→ **Directions**: Would you repeat each of the lines below exactly?

→ **Record set**:
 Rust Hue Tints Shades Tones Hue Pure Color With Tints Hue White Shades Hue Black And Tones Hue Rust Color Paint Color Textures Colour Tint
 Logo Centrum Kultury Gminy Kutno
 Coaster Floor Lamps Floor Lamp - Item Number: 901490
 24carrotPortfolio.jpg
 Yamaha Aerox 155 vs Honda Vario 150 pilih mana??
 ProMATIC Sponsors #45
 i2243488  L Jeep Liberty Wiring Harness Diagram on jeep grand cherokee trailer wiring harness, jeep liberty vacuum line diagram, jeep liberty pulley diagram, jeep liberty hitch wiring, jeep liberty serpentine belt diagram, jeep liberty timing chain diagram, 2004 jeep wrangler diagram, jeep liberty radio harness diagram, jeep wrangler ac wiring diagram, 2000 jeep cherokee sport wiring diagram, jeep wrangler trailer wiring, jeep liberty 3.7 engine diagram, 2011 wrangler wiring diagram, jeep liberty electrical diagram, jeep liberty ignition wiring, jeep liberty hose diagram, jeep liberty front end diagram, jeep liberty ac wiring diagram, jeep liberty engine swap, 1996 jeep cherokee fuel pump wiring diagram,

→ **Answer to this problem**:
 Rust Hue Tints Shades Tones Hue Pure Color With Tints Hue White Shades Hue Black And Tones Hue Rust Color Paint Color Textures Colour Tint
 Logo Centrum Kultury Gminy Kutno
 Coaster Floor Lamps Floor Lamp - Item Number: 901490
 24carrotPortfolio.jpg
 Yamaha Aerox 155 vs Honda Vario 150 pilih mana??
 ProMATIC Sponsors #45
 i2243488  L Jeep Liberty Wiring Harness Diagram on jeep grand cherokee trailer wiring harness, jeep liberty vacuum line diagram, jeep liberty pulley diagram, jeep liberty hitch wiring, jeep liberty serpentine belt diagram, jeep liberty timing chain diagram, 2004 jeep wrangler diagram, jeep liberty radio harness diagram, jeep wrangler ac wiring diagram, 2000 jeep cherokee sport wiring diagram, jeep wrangler trailer wiring, jeep liberty 3.7 engine diagram, 2011 wrangler wiring diagram, jeep liberty electrical diagram, jeep liberty ignition wiring, jeep liberty hose diagram, jeep liberty front end diagram, jeep liberty ac wiring diagram, jeep liberty engine swap, 1996 jeep cherokee fuel pump wiring diagram,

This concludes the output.